Leveraging Content-based Features from Multiple Acoustic Models for Singing Voice Conversion

  • paper_url: http://arxiv.org/abs/2310.11160
  • repo_url: None
  • paper_authors: Xueyao Zhang, Yicheng Gu, Haopeng Chen, Zihao Fang, Lexiao Zou, Liumeng Xue, Zhizheng Wu
  • for: 这项研究旨在 Investigating the complementary roles of multiple content features in singing voice conversion (SVC), and developing a diffusion-based SVC model that integrates these features for superior conversion performance.
  • methods: 研究使用了三种不同的内容特征(来自WeNet、Whisper和ContentVec),并将其集成到一个扩散基于SVC模型中,以提高SVC的对象和主观评估表现。
  • results: 研究表明,通过将多种内容特征集成到SVC模型中,可以获得更高的对象和主观评估表现,比单个内容特征更好。Code和demo页面可以在https://www.zhangxueyao.com/data/MultipleContentsSVC/index.html中找到。
    Abstract Singing voice conversion (SVC) is a technique to enable an arbitrary singer to sing an arbitrary song.
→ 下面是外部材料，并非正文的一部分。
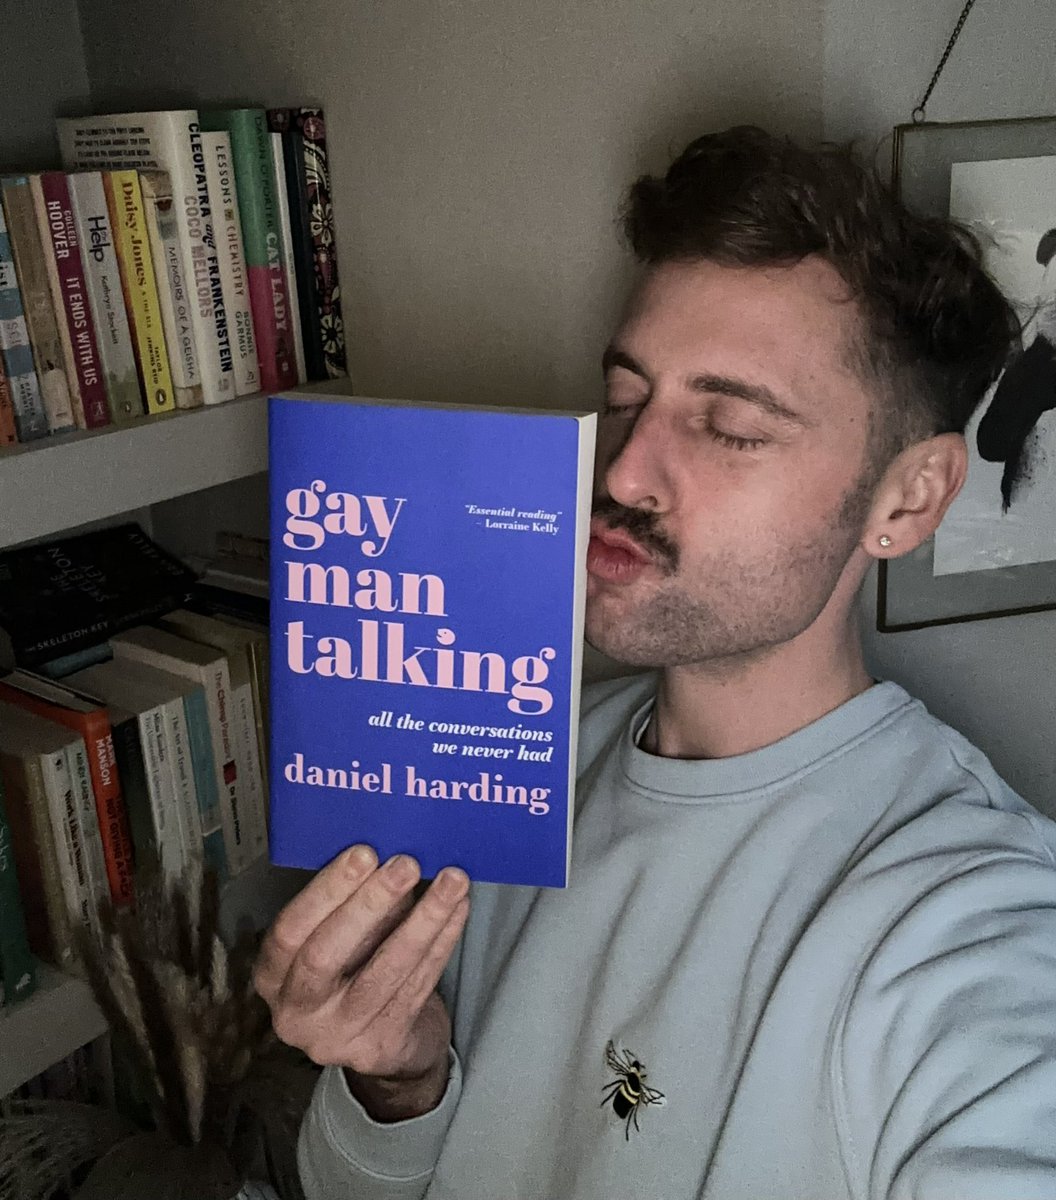 Christmas is coming… So, why not ‘join the conversation’ and pop GayManTalking in Santa’s sack (if you like), fill your stocking… or gift a loved one (yourself.) Support local bookstores this year - lots of brilliant ones tagged in post - and have yourself a gay old time. ❤️
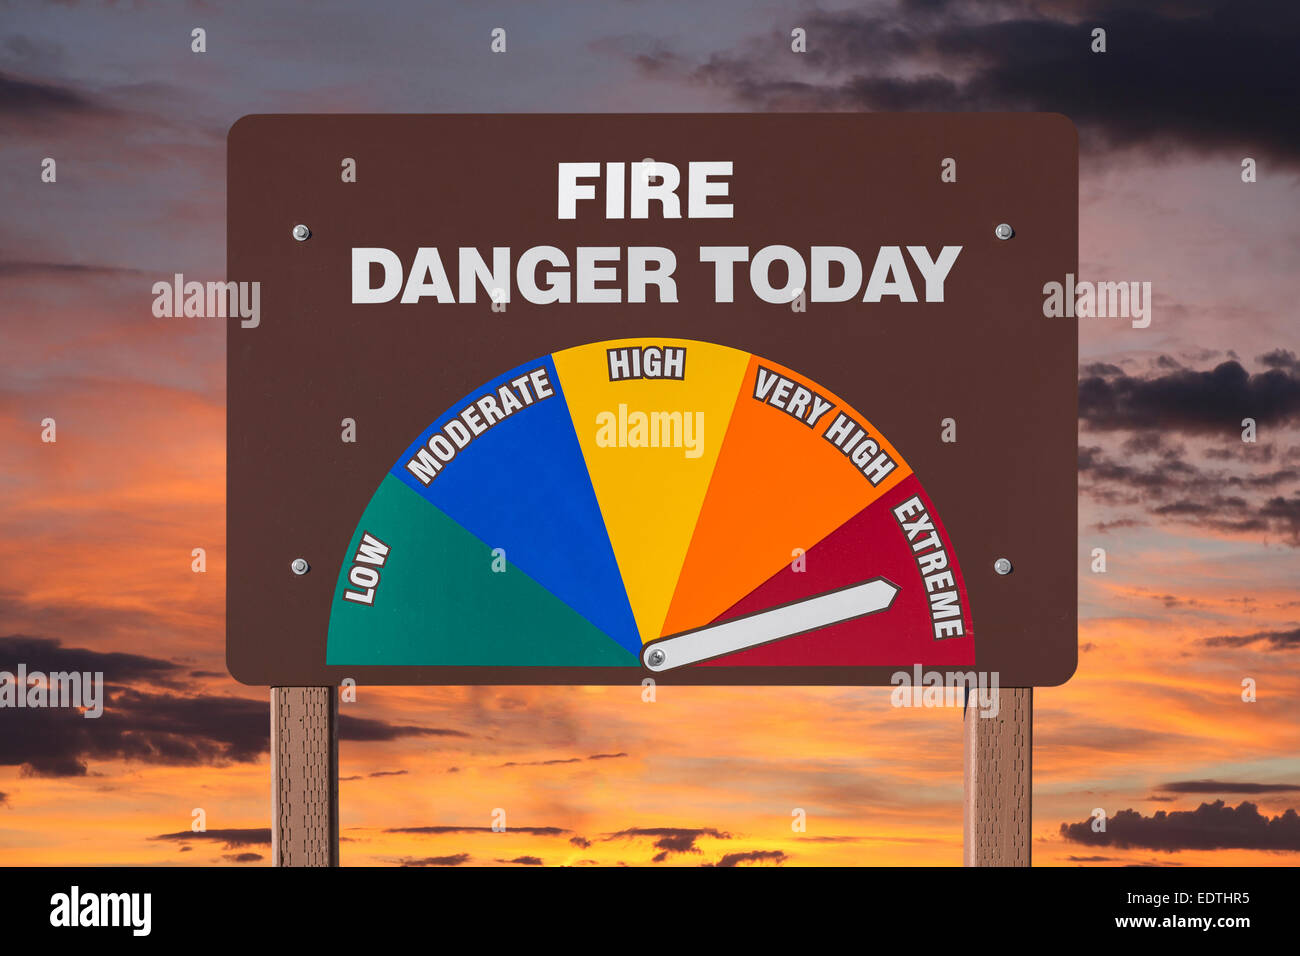 Extreme fire danger today sign with orange sunrise. Stock Photo

To achieve that, it is important to obtain speaker-agnostic representations from source audio, which is a challenging task. A common solution is to extract content-based features (e.g., PPGs) from a pretrained acoustic model. However, the choices for acoustic models are vast and varied. It is yet to be explored what characteristics of content features from different acoustic models are, and whether integrating multiple content features can help each other. Motivated by that, this study investigates three distinct content features, sourcing from WeNet, Whisper, and ContentVec, respectively. We explore their complementary roles in intelligibility, prosody, and conversion similarity for SVC. By integrating the multiple content features with a diffusion-based SVC model, our SVC system achieves superior conversion performance on both objective and subjective evaluation in comparison to a single source of content features. Our demo page and code can be available https://www.zhangxueyao.com/data/MultipleContentsSVC/index.html.
    摘要 《歌唱voice转换(SVC)技术可以让任意歌手演唱任意歌曲。实现这一点具有挑战性,因为需要从源音频中提取无关于歌手的特征。常见的解决方案是从预训练的音声模型中提取内容基于特征(如PPGs)。然而,不同的音声模型可以提供不同的内容特征,是否可以将这些特征集成起来帮助彼此?以上问题驱动我们进行这种研究。本研究研究了三种不同的内容特征,分别来自WeNet、Whisper和ContentVec。我们研究了这些特征在elligibility、prosody和转换相似性方面的补充作用,并将这些特征集成到一个扩散型SVC模型中。在对象和主观评价中,我们的SVC系统在比较于单个内容特征时表现出更高的转换性能。我们的demo页和代码可以在上查看。》Note: The translation is in Simplified Chinese, which is the standard form of Chinese used in mainland China and Singapore. If you prefer Traditional Chinese, please let me know and I can provide the translation in that format instead.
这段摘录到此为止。